Australian organisations can play a major role in creating social and economic opportunities for Aboriginal and Torres Strait Islanders. Many organisations have a Reconciliation Action Plan (RAP), which provides a useful framework for outlining their reconciliation vision, and also contains details of planned activities and initiatives to support reconciliation. One organisation that we work with has recently connected their well-established RAP with their newly developed D&I Strategy.
There are many benefits for organisations which arise from incorporating their RAP into their Diversity Strategy, including:
- Enabling organisations to take a more holistic view of diversity, rather than a siloed approach requiring separate strategies for different groups e.g. women, people with a disability etc.
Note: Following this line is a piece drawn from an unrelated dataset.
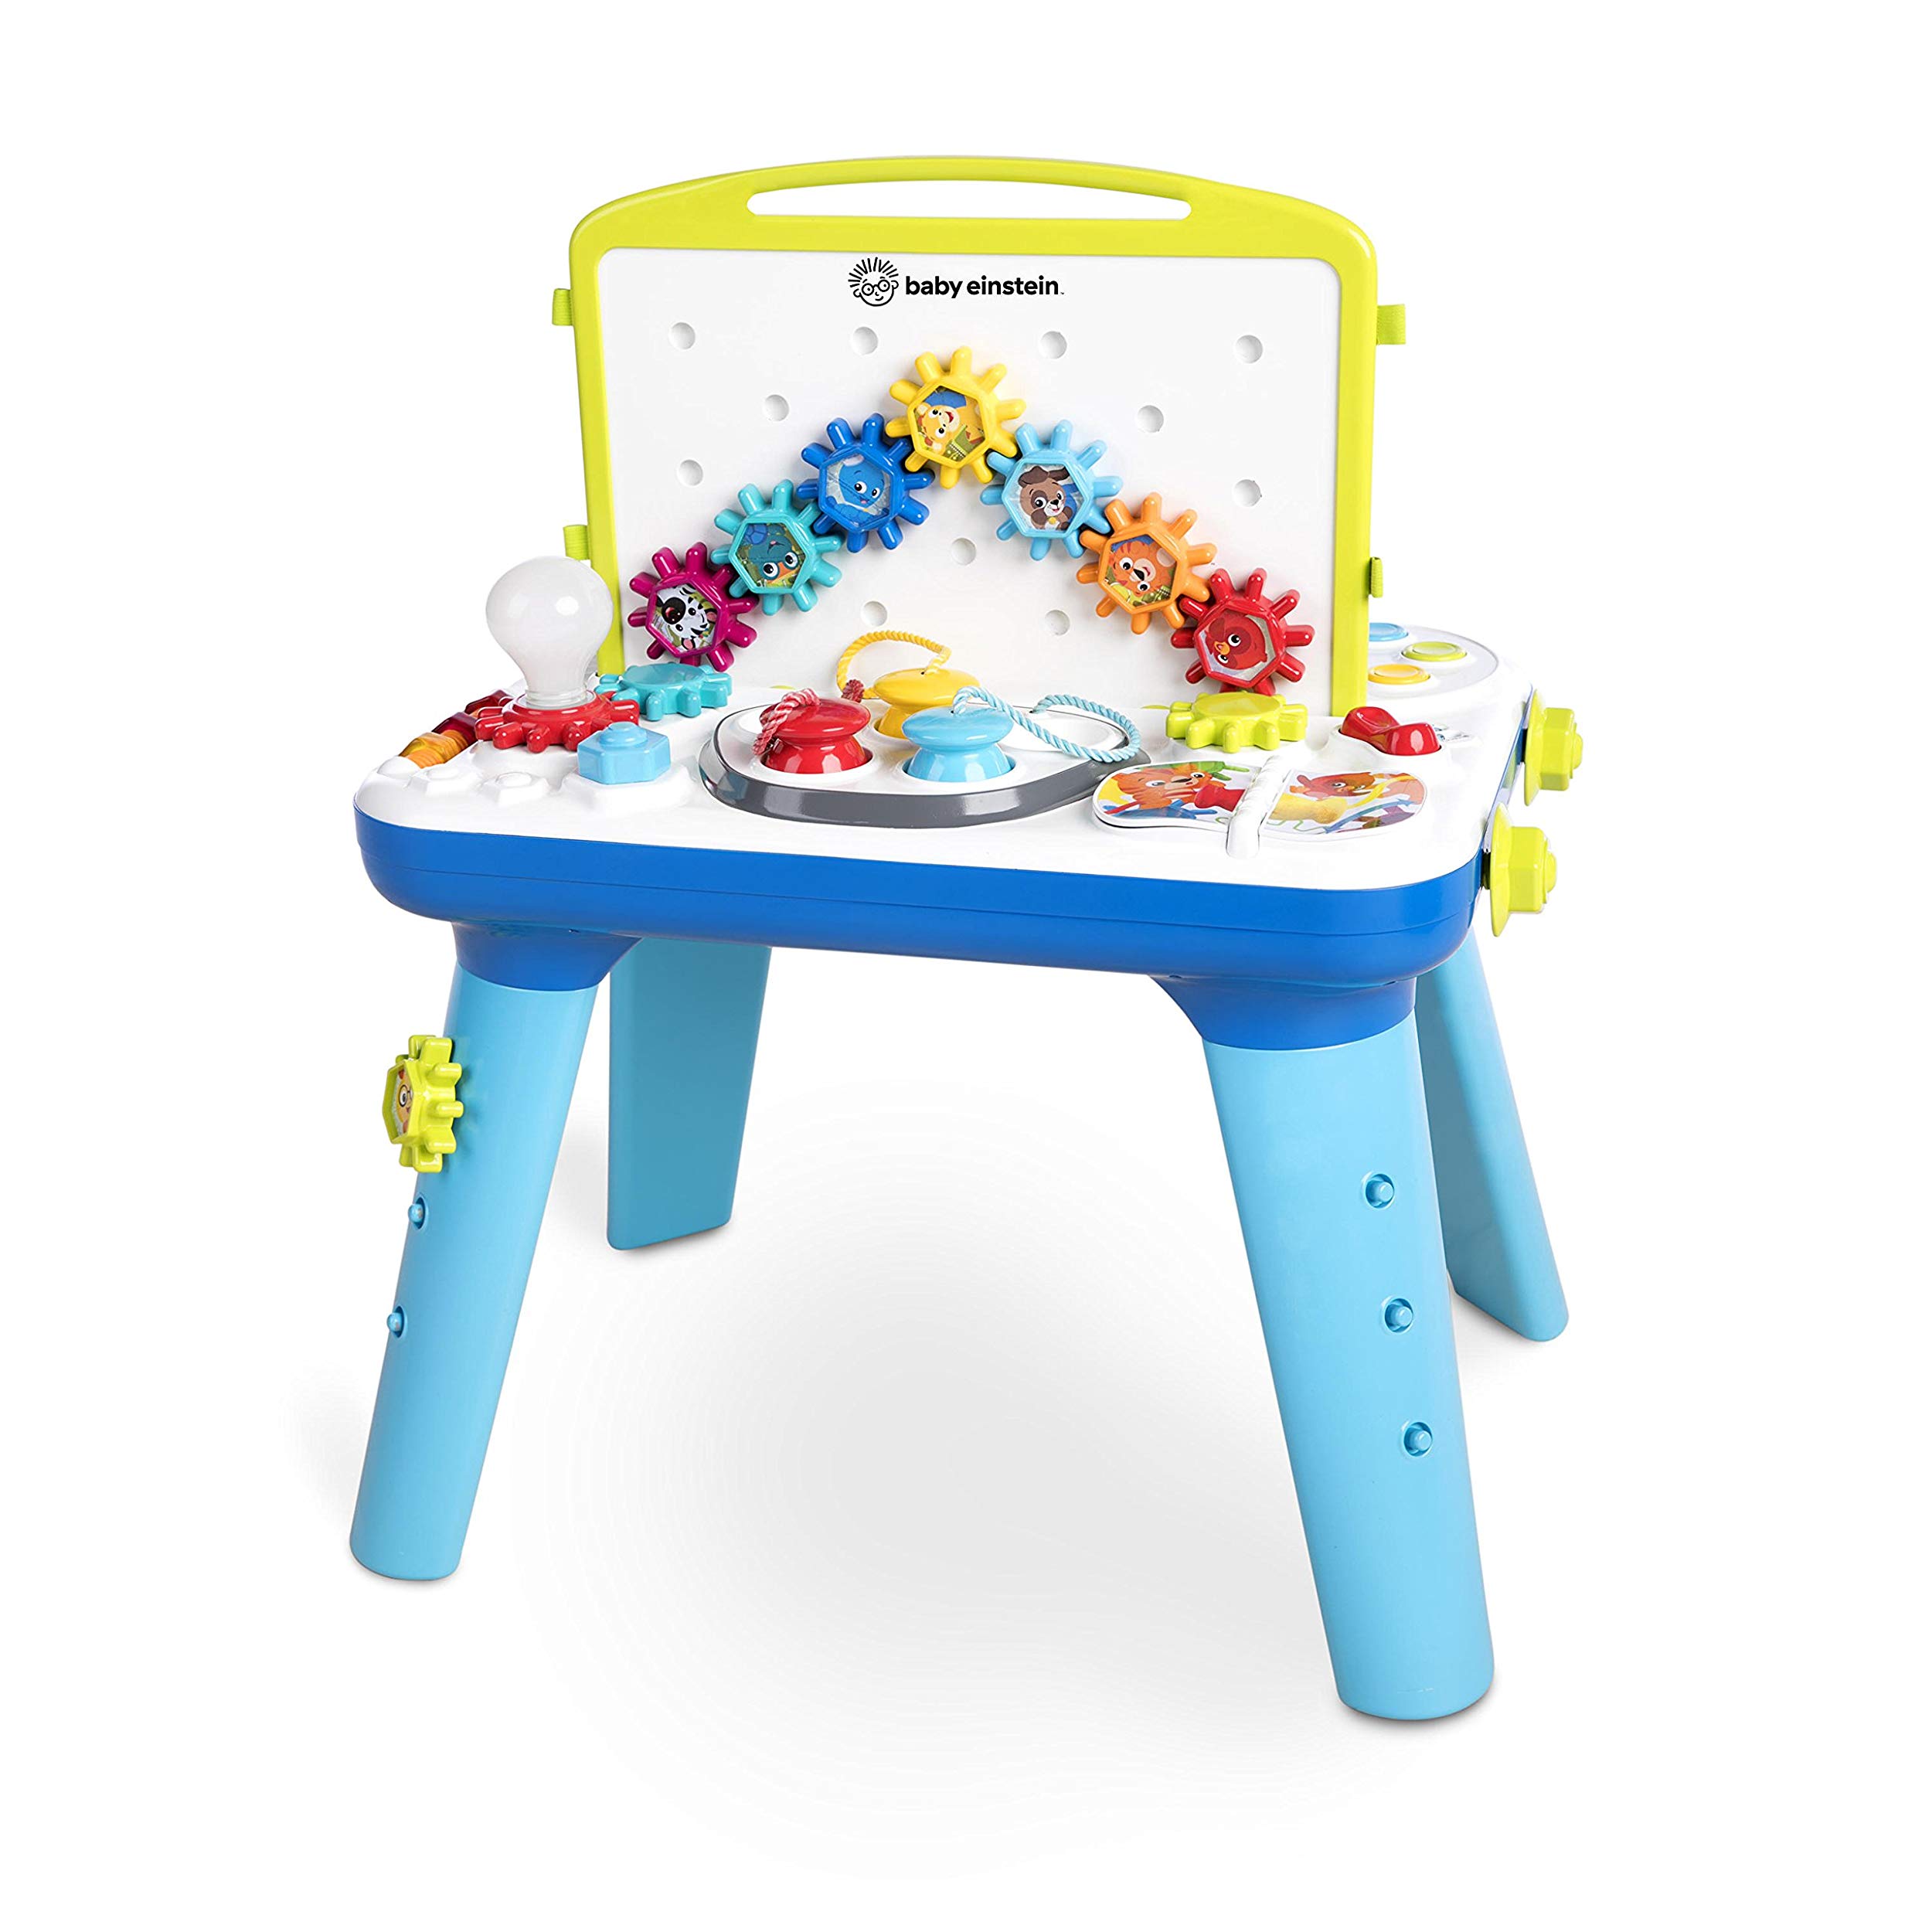 Discovery Kids Baby Einstein Curiosity University Table Activity Station
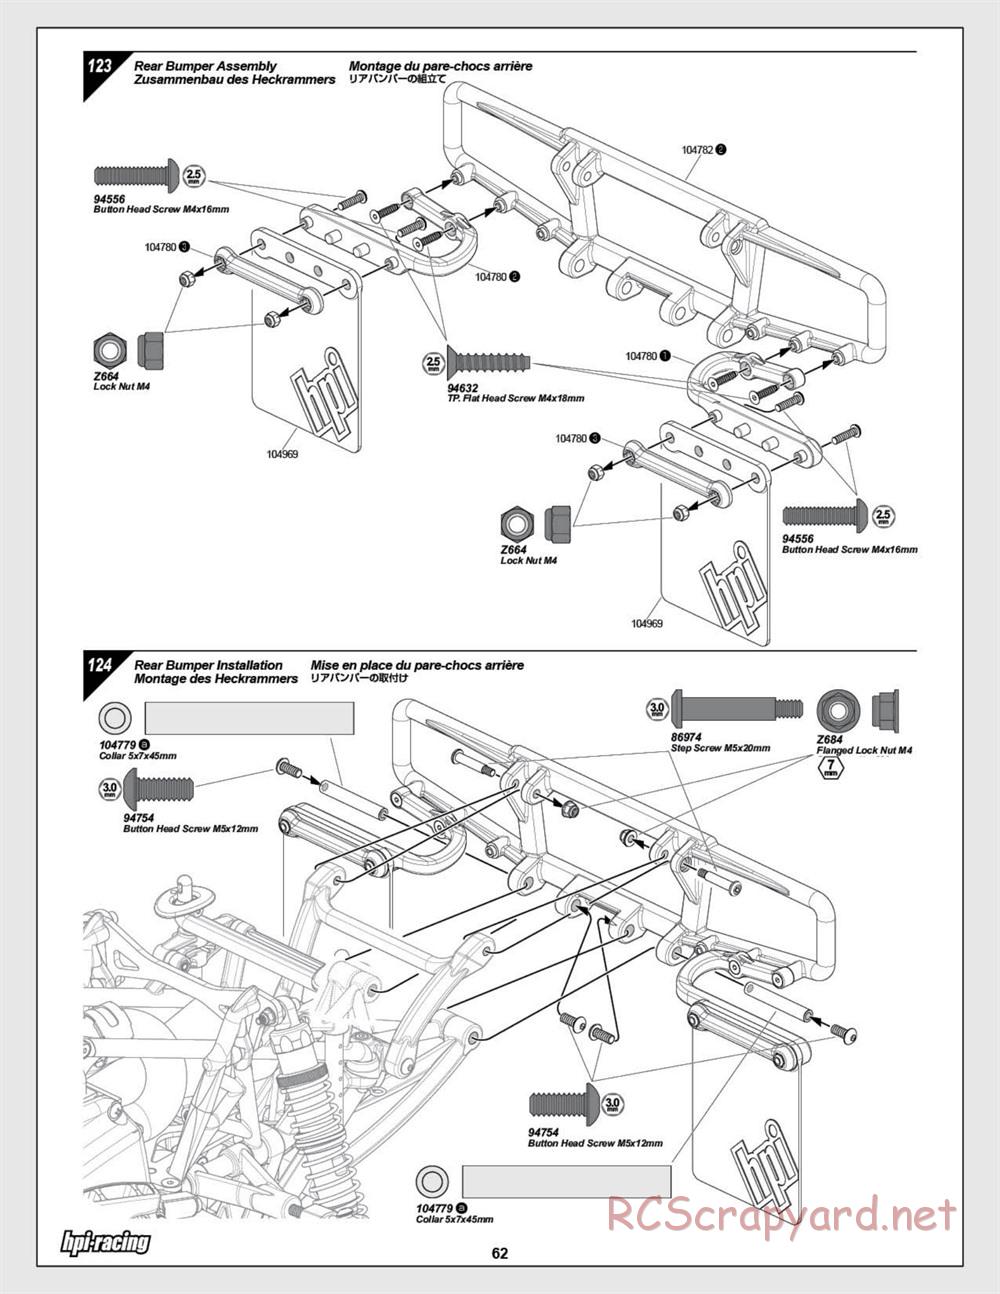 HPI - Baja 5SC SS - Exploded View - Page 62

- Aligning reconciliation activities and events with other initiatives which support diversity more broadly
- Building on the clear business case for diversity, which provides a financial impetus for organisations to become more diverse and inclusive in order to both attract and retain greater diversity
- Incorporating the learning from activities they have rolled out as part of their RAP regarding the types of activities and initiatives that work best to engage their employees, and consideringthis when planning their Diversity activities
Ultimately an organisation which is inclusive of all people, through an inclusive culture, inclusive leaders and inclusive infrastructure (e.g. their systems and processes), will be able to capitalise on the diversity of thought, background and experience within their business.